The Democratic incumbent defeated Republican challenger Tom Dunlap in Tuesday’s election. According to unofficial results, Tkach gained almost 55 percent of the votes (10,201) compared to nearly 45 percent (or 8,464 votes) for Dunlap, who formerly served the county as sheriff and commissioner for one four-year term each.
“I am humbled by the support and I appreciate everyone in the entire effort,” said Tkach, who celebrated his victory with his wife Dianne, his staff members and their families at The Freight House Pub & Grill in Norwalk. “I contacted a lot of people on this campaign and the message was always positive.”

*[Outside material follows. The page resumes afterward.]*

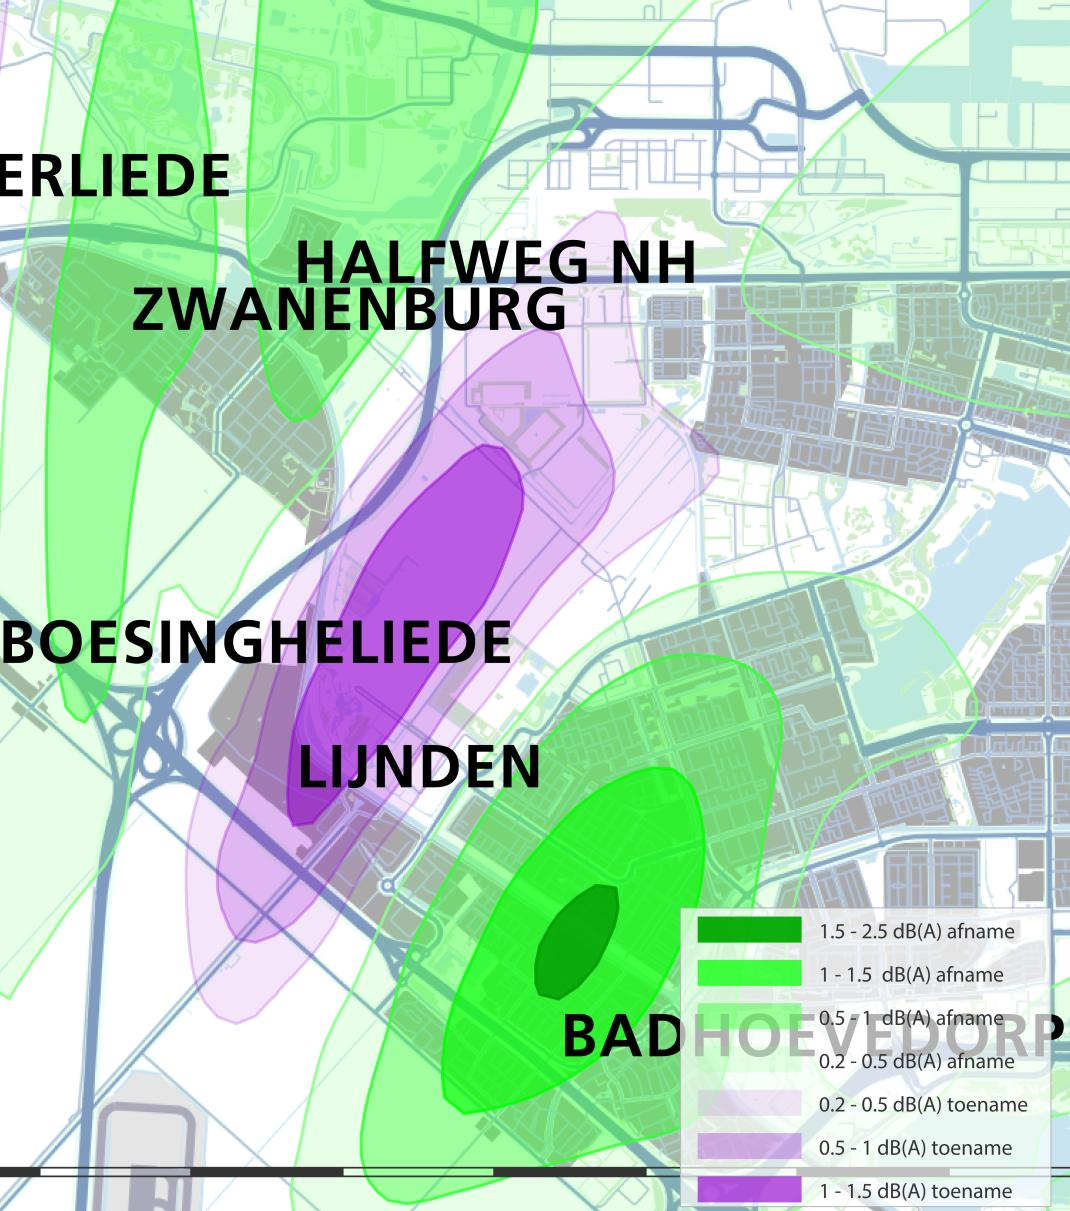 Detailkaart effecten geluidbelasting L den Lijnden/ Badhoevedorp (100% NADP2, 510K) B Toename EGH Afname EGH Per saldo Haarlemmerweg A dam- Geuzenveld/ Slotermeer Lijnden +14-1 +13 Boesingheliede 0-1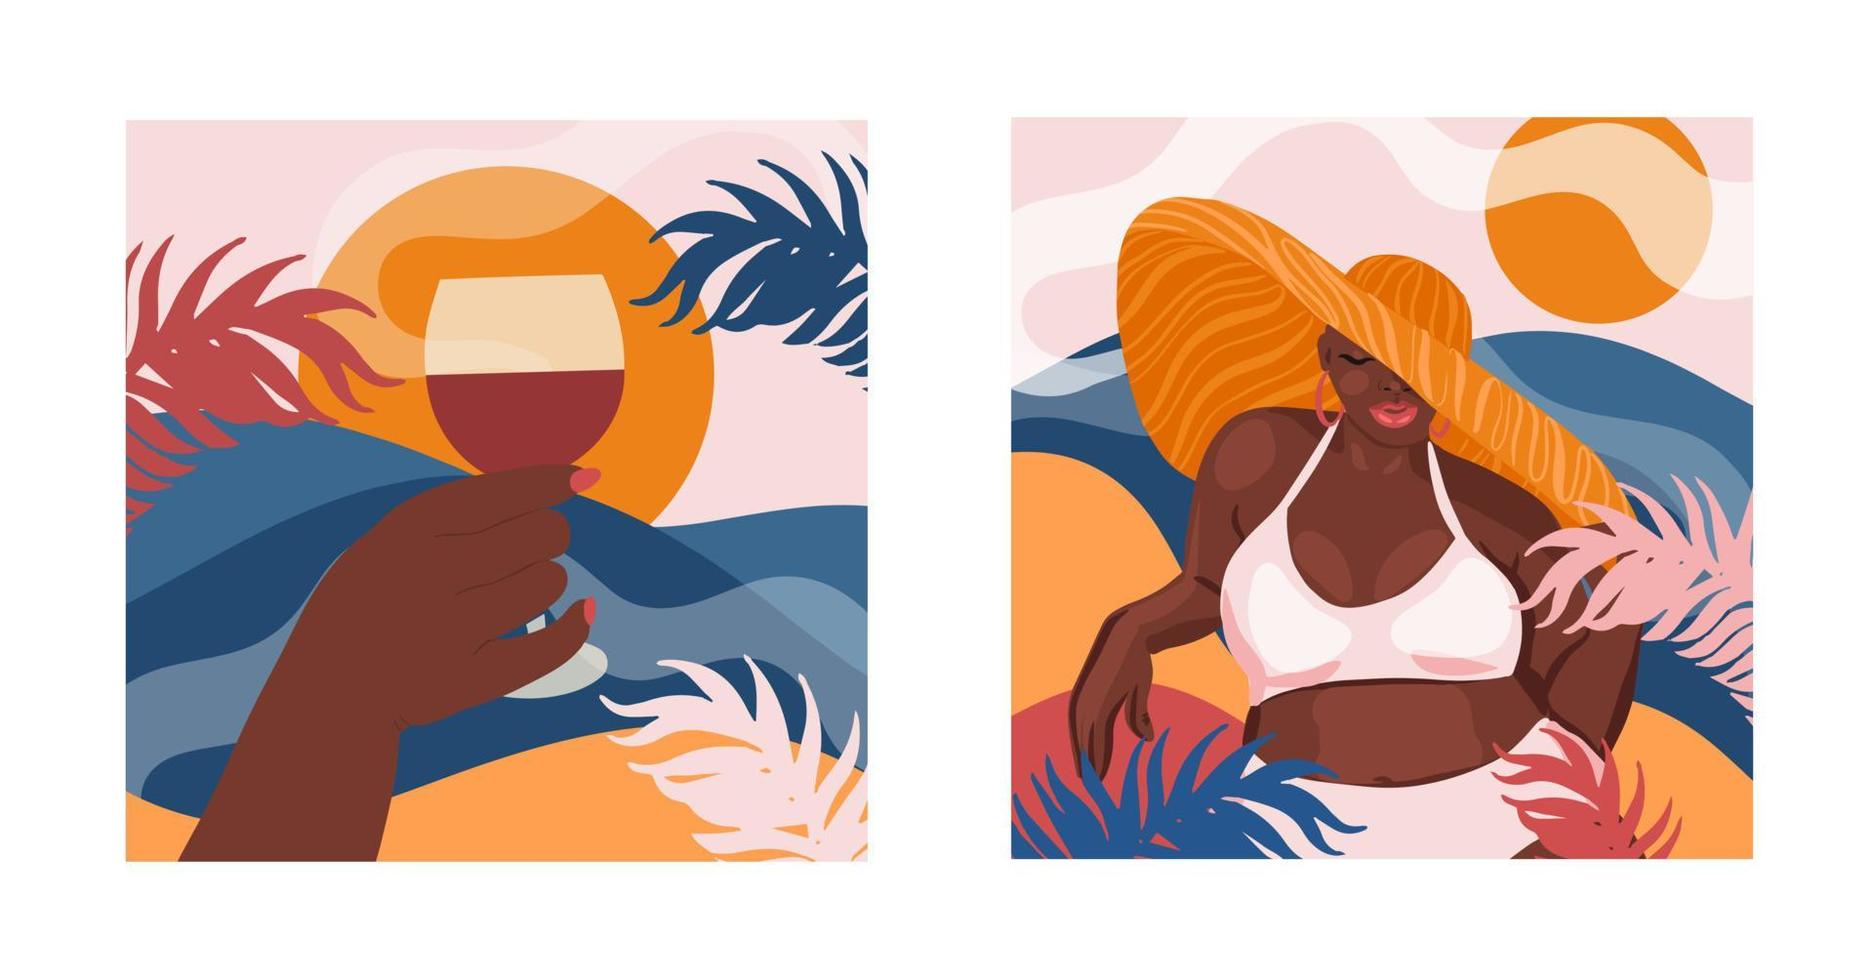 hermosa contento de piel oscura muchacha. vacaciones en el playa, relajación concepto vector

Tkach has been the auditor since March 5, 2007. He defeated Will Lewis in the 2006 general election, Bob Patusky in the 2010 election and was unapposed in 2014.
“I am very thankful to everyone who supported me and voted for me in this election. I look forward to some great years ahead for Huron County government; in all I do I work for everyone,” Tkach said Tuesday. “As for what is ahead, I only take one election at a time. It always feels good to win.”
Just prior to being elected auditor the first time, Tkach served as the Huron County treasurer from 2002 through March 2007 — a term and a half. He stepped down from the position and was elected auditor, replacing John Emlinger, who retired after serving the county for many years.
Tkach, a Western Reserve High School graduate, is a Hartland Township resident who has lived in the Norwalk area all his life. He grew up in Wakeman Township.
Reflecting his comments on election night, Tkach said during the campaign his focus as the auditor always has been about serving the public and customer service.
“I work for you,” he said in October.
The job responsibilities of being auditor include value assessment of real estate and being the chief financial officer for the county. The auditor also oversees weights and measures, the revenue side of the county budget and the tax map department, which handles plats and real estate transfers.
“I do a lot more than crunch numbers,” said Tkach, who also envisions the auditor’s job as being the county “paymaster and “bill-payer.”
Dunlap couldn’t be reached for comment Tuesday.